SUPPLIED DATA:
Start of Block

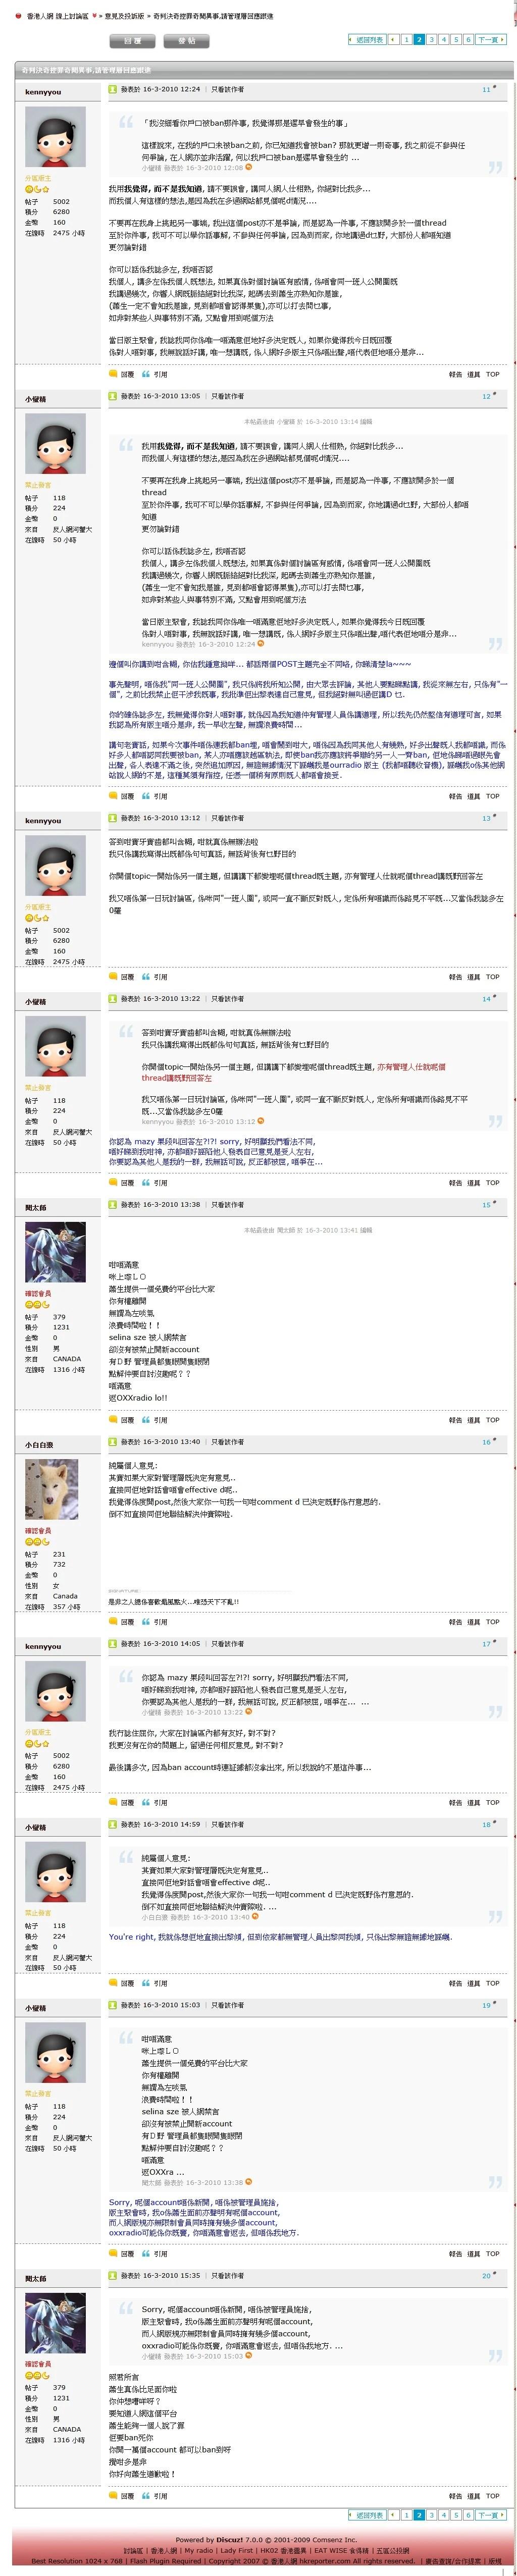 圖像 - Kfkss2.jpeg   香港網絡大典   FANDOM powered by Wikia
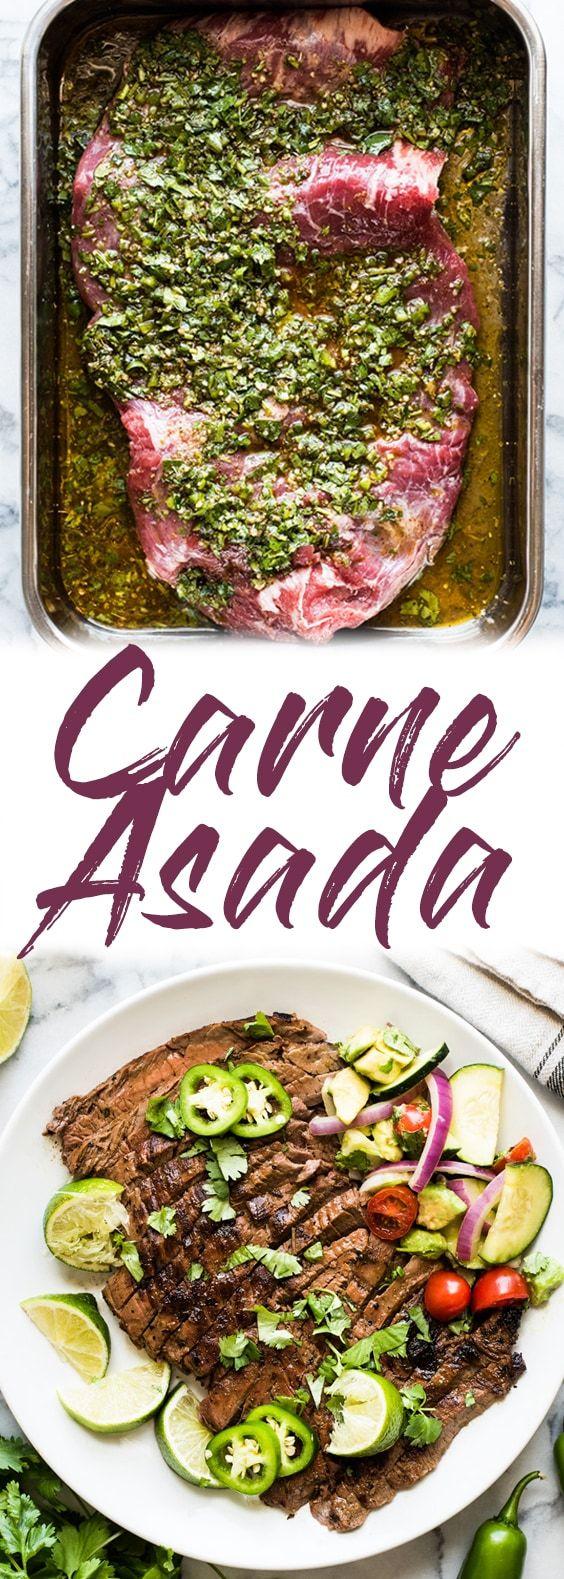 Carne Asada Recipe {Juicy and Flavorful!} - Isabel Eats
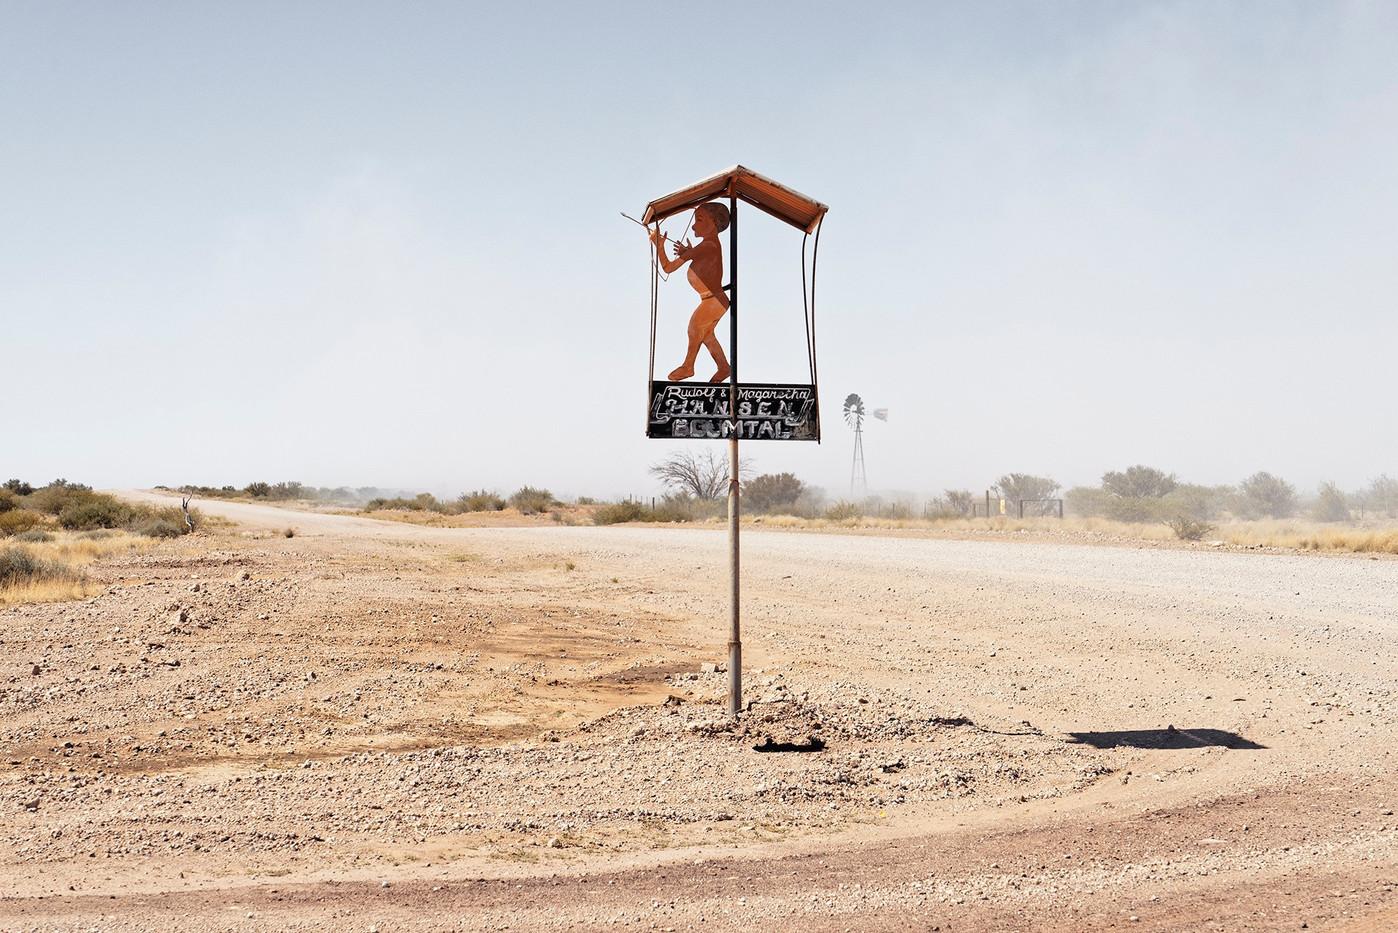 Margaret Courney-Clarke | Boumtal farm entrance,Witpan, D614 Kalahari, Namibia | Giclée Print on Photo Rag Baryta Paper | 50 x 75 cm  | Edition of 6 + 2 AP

End of Block

TASK BRIEF:
Nothing but the pictures is to be left out; repeat the data exactly.

OUTPUT OF THE EXERCISE:
 圖像 - Kfkss2.jpeg   香港網絡大典   FANDOM powered by Wikia
 Carne Asada Recipe {Juicy and Flavorful!} - Isabel Eats
 Margaret Courney-Clarke | Boumtal farm entrance,Witpan, D614 Kalahari, Namibia | Giclée Print on Photo Rag Baryta Paper | 50 x 75 cm  | Edition of 6 + 2 AP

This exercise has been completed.